How bad were you bobby ? Your company must have been chuffed at having to replace you and the 2nd Eng . Was the ship delayed while your replacements were flown in ??


----------



## Ian (Mar 27, 2004)

*bad boys*



Derek Roger said:


> How bad were you bobby ? Your company must have been chuffed at having to replace you and the 2nd Eng . Was the ship delayed while your replacements were flown in ??
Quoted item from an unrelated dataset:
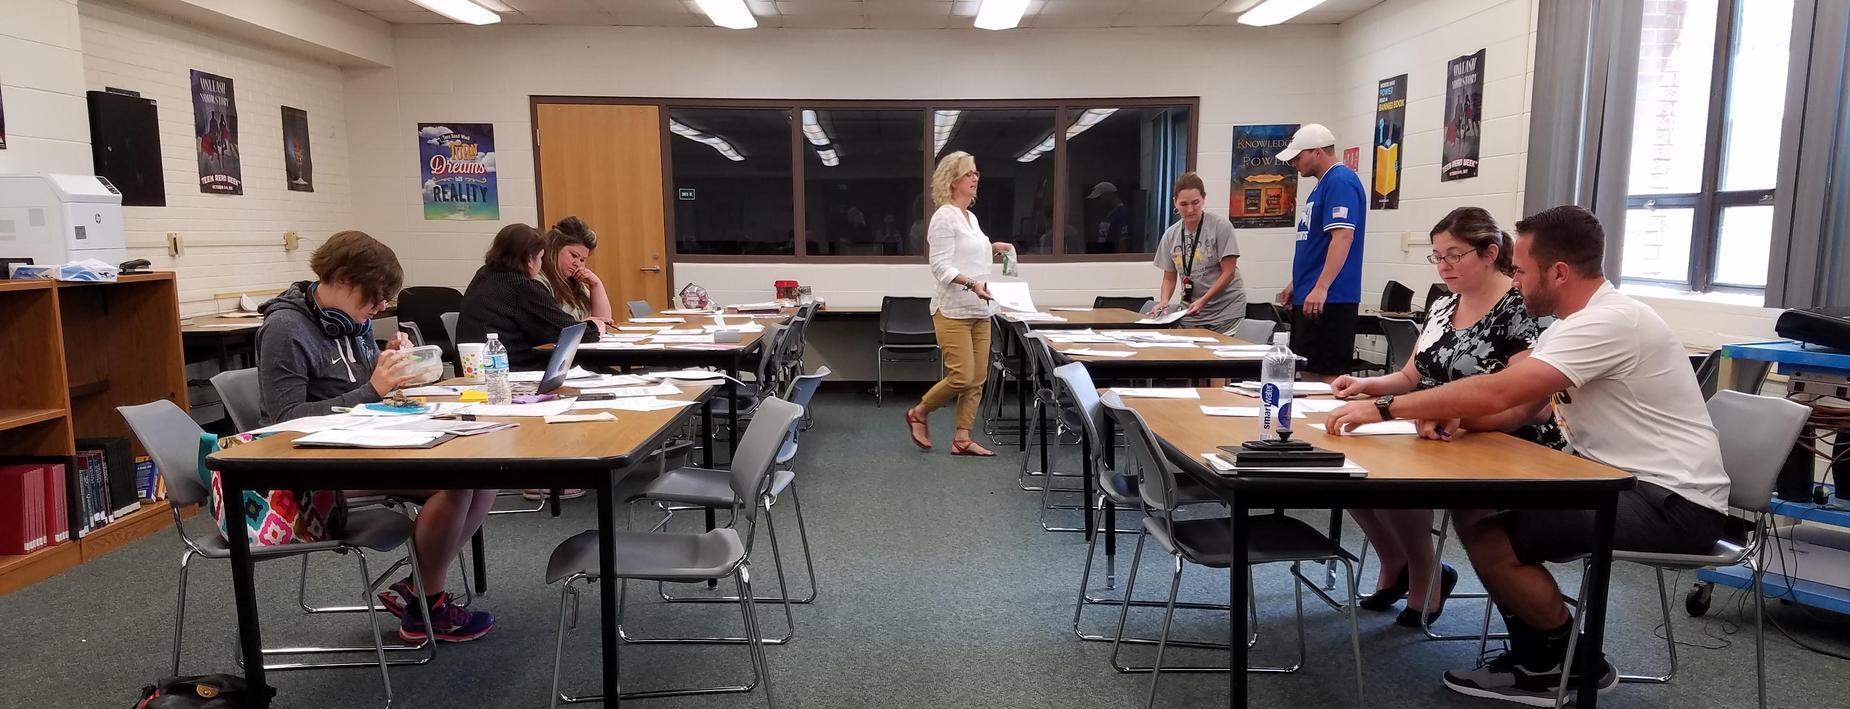 Teachers working over the summer

no, derek immigration took over ,took us back on board i think they liked us said his great g/da was a canadian scot an all that stuff old man wasnt very happy thoughPS we couldnt get back 1 nite took a truck without owners perm we were very lucky(bobby)


----------



## Derek Roger (Feb 19, 2005)

*Things that move in the night*

I know what you mean ; my shipmates had a habit of saying bet you couldnt drive that ! knowing I would most likley take the bait . Took a steam engine / train loaded with cars of potash ( I think it was ) in Madras for a mile or so run down the track; left it there when we ran out of steam ( no one wanted to stoke !.)
Capetown it was one of those container moving things on legs . Took it from the ship and parked near the gatehouse and walked ashore . Took it back to the ship and parked it but unfortuantley someone threw the keys in the drink !Hell to pay next day as they couldnt get it started . Police visited the ship as there was a report of it moving around at night . I had a beard at the time ; shaved it off as apparently the cops were looking for someone with a beard . The old man figured things out pretty quick but nothing was said at the time got away with that one by the skin of our teeth .
Derek


----------



## Ian (Mar 27, 2004)

*good boys*

hey derek heres me thinking me and jerry were bad boys/nothing compared to that lot cheers mate. pS shipmates ive found (jim) remember (jim) thanks guys all the best bobby glsgow


----------



## Derek Roger (Feb 19, 2005)

Aye Wee Jimmie !! ( Ive got a Wee Jimmie hat / Hair too ) Derek


----------



## jim barnes (Dec 7, 2005)

*doing naughties*

once got inside a armoured personell carrier while a little worse for drink coming back aboard (PALM LINE LAGOS) pulled a few levers switched some switches but nothing happened(Thank my lucky stars) next morning looking at the vehicle from the out side there apeared to be rockets or grenade missiles conected to the sides, could you imagine the consequences of that lot going off? not too shure though if it taught me any lessons
JIM


----------